The 52-th point of each face is considered the nose tip, but it’s actually the top of the philtrum. I implement a method for finding the weighted average of nearby points where the weights are decided by the direction the faces in the dataset are facing, which is more like the real keypoints of nose tips. However, because this is not explicitly allowed, I just use 52-th points for the following detection task.

For data preprocessing, for every part not only part 1, I rescale the keypoints to [0,1] relative space, and convert the images to grayscale, as well as im/255. - 0.5 for normalizing.

And for part 1 and 2, I resize the image by

Here are some images sampled from the dataloader with groundtruth keypoints:

This is the detailed CNN model architecture, summarized by torchsummary:

----------------------------------------------------------------
        Layer (type)               Output Shape         Param #
================================================================
            Conv2d-1           [-1, 12, 74, 54]             600
              ReLU-2           [-1, 12, 74, 54]               0
         MaxPool2d-3           [-1, 12, 37, 27]               0
            Conv2d-4           [-1, 24, 33, 23]           7,224
              ReLU-5           [-1, 24, 33, 23]               0
         MaxPool2d-6           [-1, 24, 16, 11]               0
            Conv2d-7            [-1, 32, 14, 9]           6,944
              ReLU-8            [-1, 32, 14, 9]               0
         MaxPool2d-9             [-1, 32, 7, 4]               0
          Flatten-10                  [-1, 896]               0
           Linear-11                  [-1, 128]         114,816
             ReLU-12                  [-1, 128]               0
           Linear-13                    [-1, 2]             258
================================================================
Total params: 129,842
Trainable params: 129,842
Non-trainable params: 0
----------------------------------------------------------------
Input size (MB): 0.02
Forward/backward pass size (MB): 1.21
Params size (MB): 0.50
Estimated Total Size (MB): 1.72
----------------------------------------------------------------

It can also be interpreted as:

Input image: (1, 80, 60);
1st Convolution Layer: 12 output channels, stride 1, no padding, kernel size 7x7, followed by a ReLU and a MaxPool2d of kernel size 2;
2nd Convolution Layer: 24 output channels, stride 1, no padding, kernel size 5x5, followed by a ReLU and a MaxPool2d of kernel size 2;
3rd Convolution Layer: 32 output channels, stride 1, no padding, kernel size 3x3, followed by a ReLU and a MaxPool2d of kernel size 2;
A flatten layer, a linear layer to 128 dimensions, a ReLU layer and finally a linear layer to 2 dimensions (2,) which completes a regression task.

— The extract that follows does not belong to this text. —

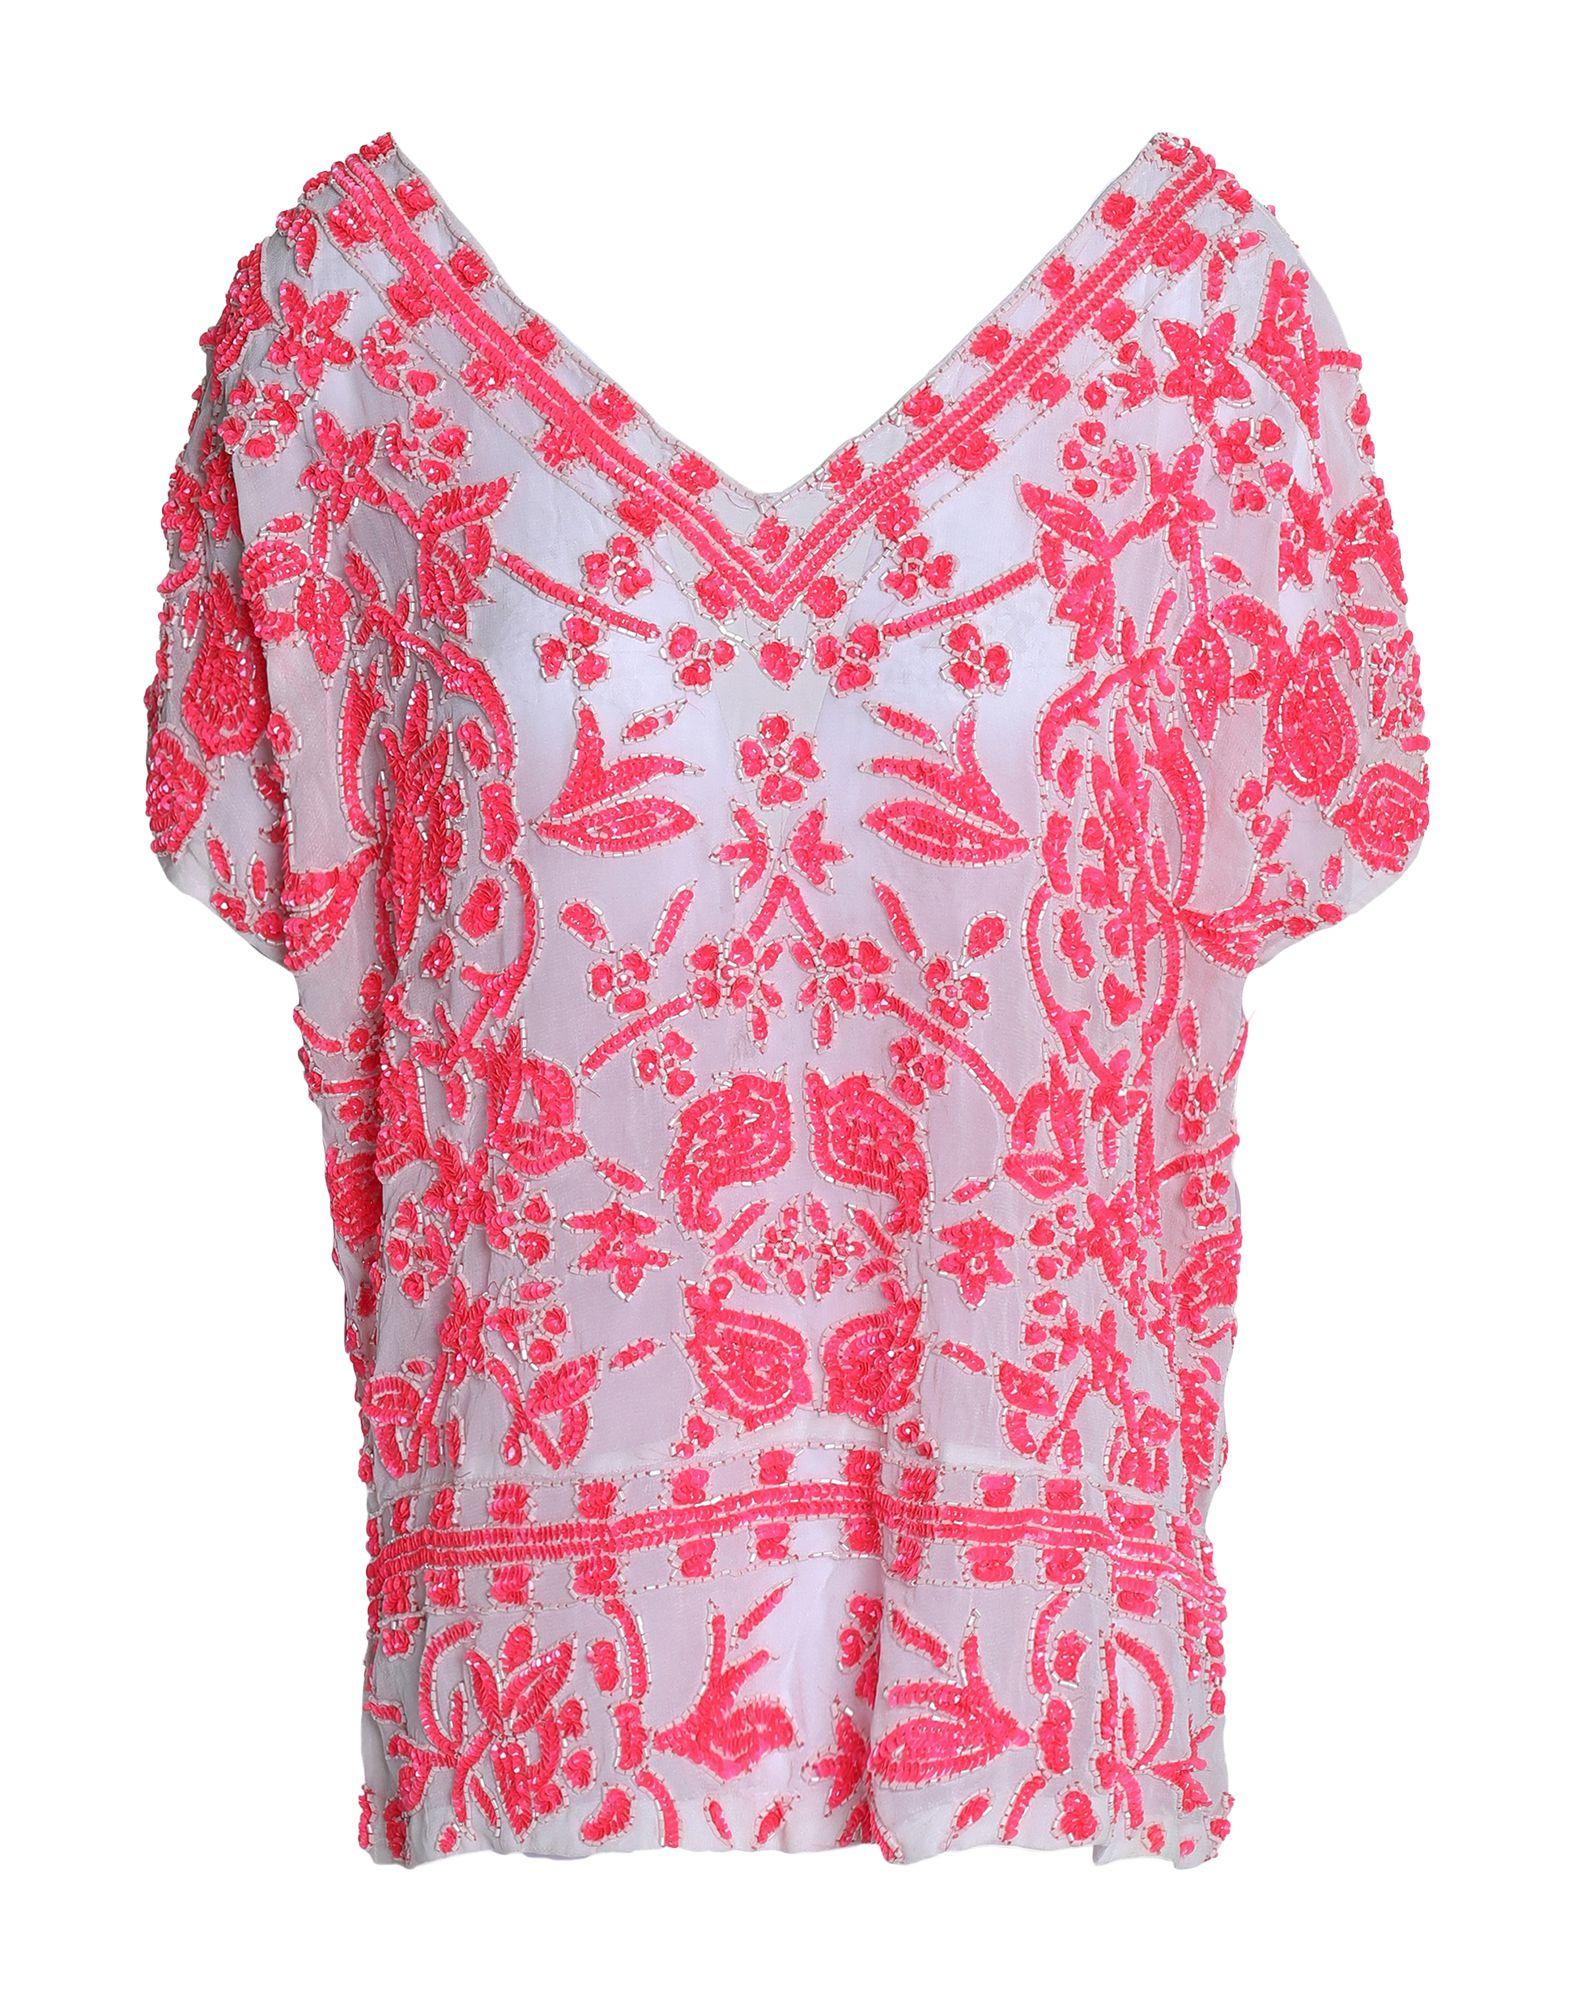 ANTIK BATIK Блузка batik batik брюки кира 1 серый
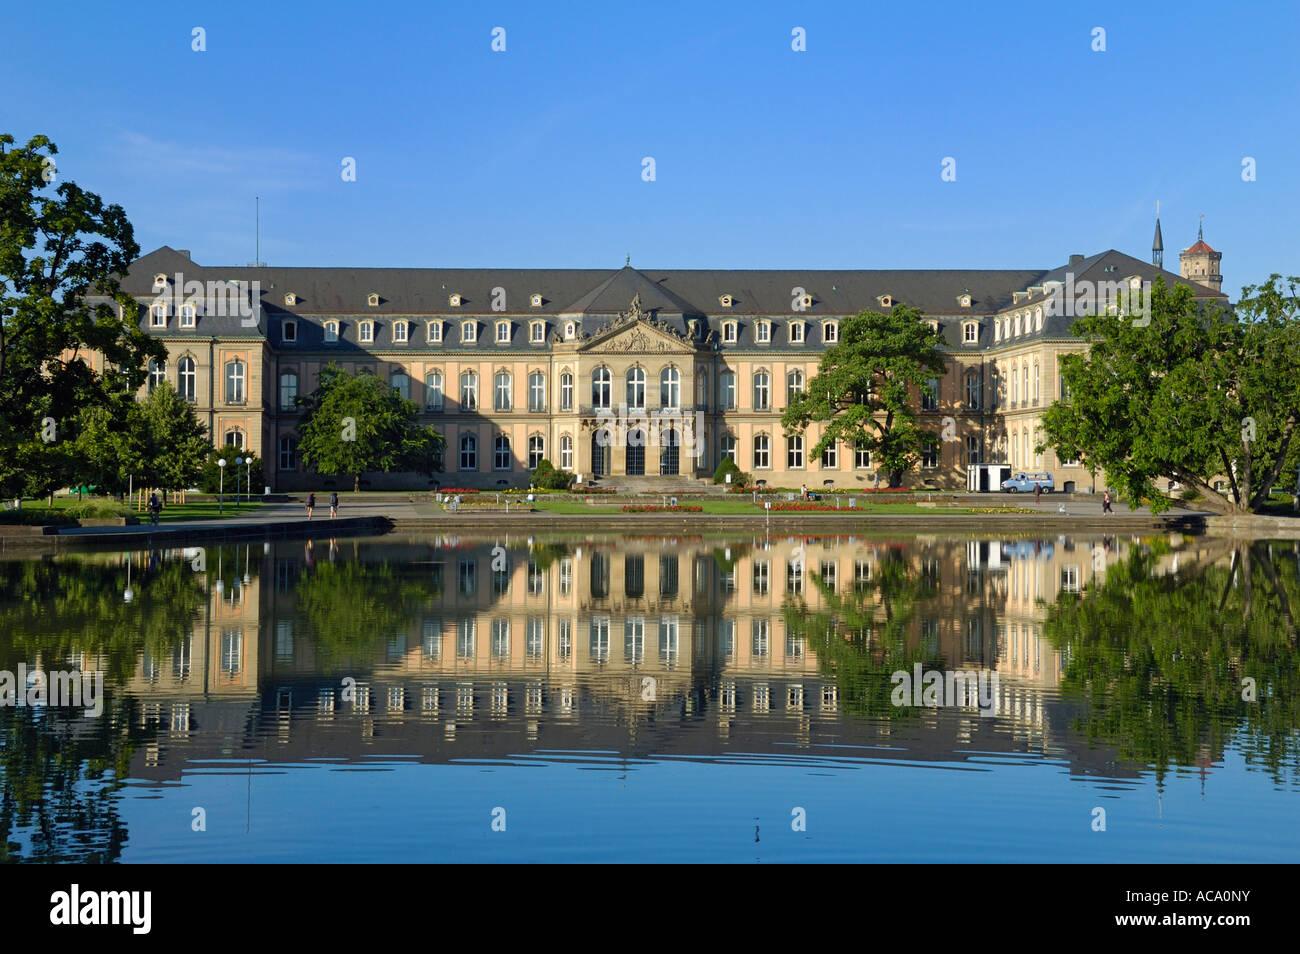 New Palace (Neues Schloss), Stuttgart, Baden-Wuerttemberg, Germany, Europe Stock Photo

I use an Adam optimizer with a learning rate of 1e-3 and MSE as my loss. I try 4 different sets of {LR, Architectures} and find the hyperparameter set of above architecture and LR=1e-3 will bring the best validation loss. Also, the model is trained with 25 epochs.

LR: 1e-3 or 5e-3
Architecture (List of output channels): [12,24,32] or [24,28,32]

We show 2 correct detection and 2 failed detection:

Part 2: Full Facial Keypoints Detection

In this section we want to move forward and detect all 58 facial keypoints/landmarks.

Because the task is harder, to prevent overfitting, I implement data augmentations:

Random affine transformation with 10% x/y translation (by 0.5 chance), and with rotation of 15 degrees;
Random color jitter with brightness 0.1, hue 0.1, saturation 0.1, contrast 0.1;

Here it’s wrong to directly use horizontal flips in the augmentation because if so, the left eye may be flipped to the right of the image, and the model could only learn a mean value i.e. the keypoints are basically concentrated on the middle line, unless we exchange labels by hand.

The samples from the (augmented) dataloader is shown as follows:

This is the detailed model architecture, summarized by torchsummary: (I have also implemented torchsummary summaries for part 3 & 4, but the summary will last too long to be exhibited)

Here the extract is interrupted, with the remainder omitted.